In terms of IQA objective methods, the literature is quite vast and the used methods can be divided in three different groups—full reference methods, where a reference image is present; reduced reference methods, where only partial information about the original image is available together with a set of discriminative features; no reference methods, where no original image is available [21]. For the no-reference image quality metrics, a different types of metrics have been proposed in recent years—distortion specific (e.g., specific type of blur, uneven illumination, etc.) and learning based on natural scene statistics metrics are some of the categories these metrics may fall into [22]. Also transform-based, statistics, directional or geometric based features are some metrics that are widely used to discriminate the quality of an image where no reference image is provided [23]. In Reference [24] the authors have explored a no reference methodology for uneven illumination assessment of 30 dermoscopic images with different degrees of real uneven illumination. The authors obtained 0.902 and 0.895 for Pearson linear correlation coefficient (LCC) and Spearman rank-order correlation coefficient (SROCC) respectively, when comparing predicted results to the subjective ground truth annotations. Both LCC and SROCC are between 0 and 1, where values close to 1 indicate a better performance. In a later work [25], the same group of researchers used a similar approach in order to assess two different types of distortions in an image, the uneven illumination and blur, reporting 0.841 and 0.859 for LCC and SROCC, respectively, when analyzing 162 images suffering from real distortions.

3. System Architecture

The proposed system allows the focus assessment of skin moles in dermoscopic images by using a feature-based machine learning methodology. The system was designed to guide the user throughout the acquisition process by means of an image focus validation approach, followed by the IQA of the acquired picture.

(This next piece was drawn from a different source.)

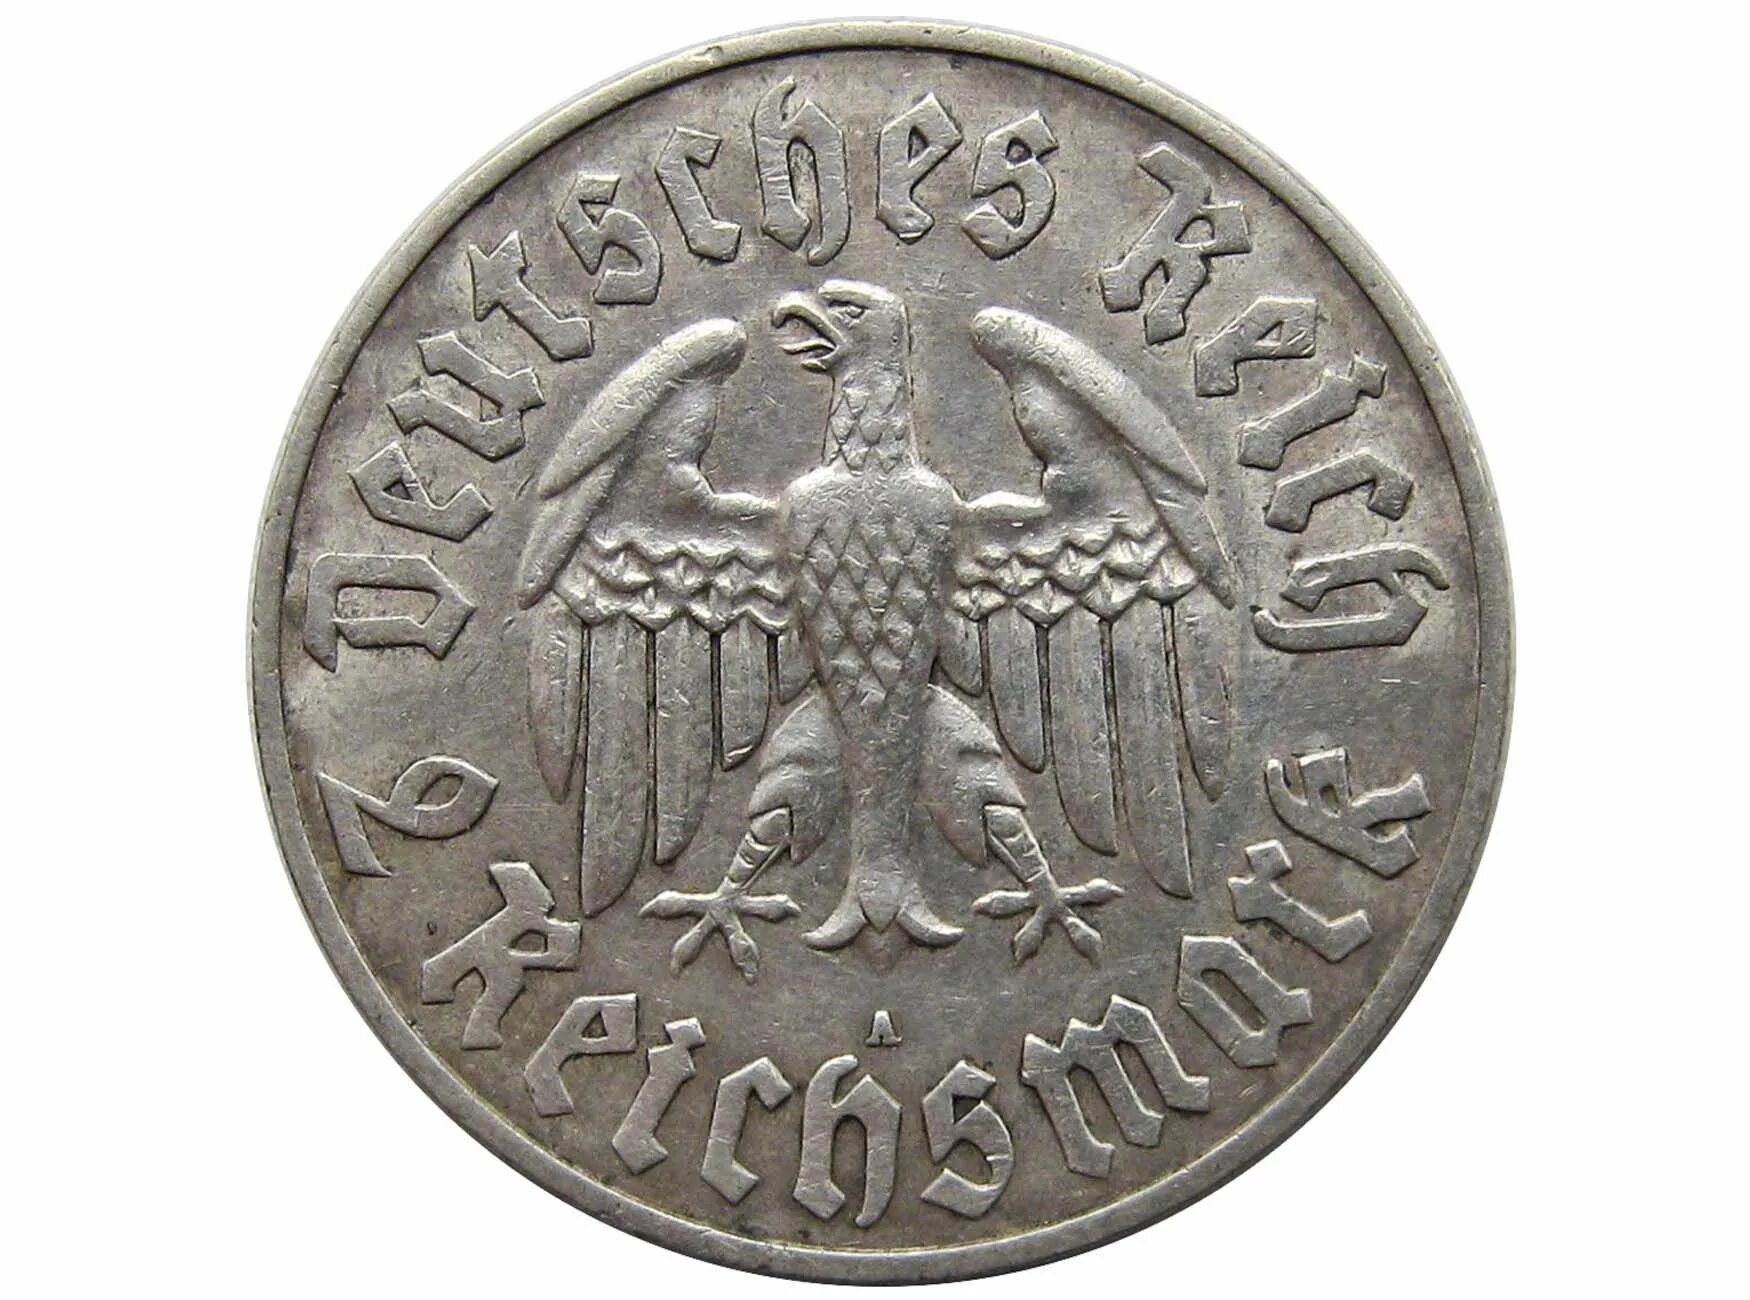 Купить германию 2. Немецкая марка 1933. Монета 1933г в США со свастикой. 2 Марки 1933 Лютер копия.

The architecture of the developed solution, illustrated in Figure 1, is divided into two main modules—the Preview Focus Assessment and the Acquired Picture Focus Assessment. For each frame obtained from the camera preview, the preview focus assessment methodology performs a preliminary verification for artifact detection, followed by the skin mole focus assessment of the preview image. This step is particularly important to guarantee that the smartphone is focusing on a skin mole and not on the artifacts that the lens may contain. Once the preview image passes the first verification module, the user receives an indication that the preview image is focused and is able to proceed with the image acquisition. The preview focus assessment process is repeated for each upcoming frame from the camera preview providing this feedback continuously to the user in real time through the application interface. Afterwards, in the acquired picture focus assessment module, the dermoscopic image is evaluated again in terms of quality and presented to the user immediately after an acquisition.

Figure 1

Diagram of the system architecture for the automatic focus assessment on skin lesion dermoscopic images acquired with smartphones.

3.1. Datasets

The present work aims to assist the acquisition process of dermoscopic images acquired with smartphones by providing automatic focus assessment. Some public databases of skin lesions contain dermoscopic images that were classified by dermatologists for diagnosis purposes, such as ISIC, PH2 or HAM10000 [26]. These databases contain images with sufficient quality for clinical decision making, since the low quality images are usually discarded. Moreover, for each skin lesion there is only one image and generally no additional information regarding the device used in the acquisition is provided. Therefore, to the best of our knowledge, there is no publicly available image quality database that includes dermoscopic images of skin lesions with a different level of focus, so in the scope of this work two new datasets were collected. A skin lesion dataset of dermoscopic images, focused and non-focused, was gathered including both images from the smartphone camera (preview and acquired pictures). An additional dataset composed by dermoscopic images with lens artifacts and different backgrounds was collected to design the preview focus assessment algorithm.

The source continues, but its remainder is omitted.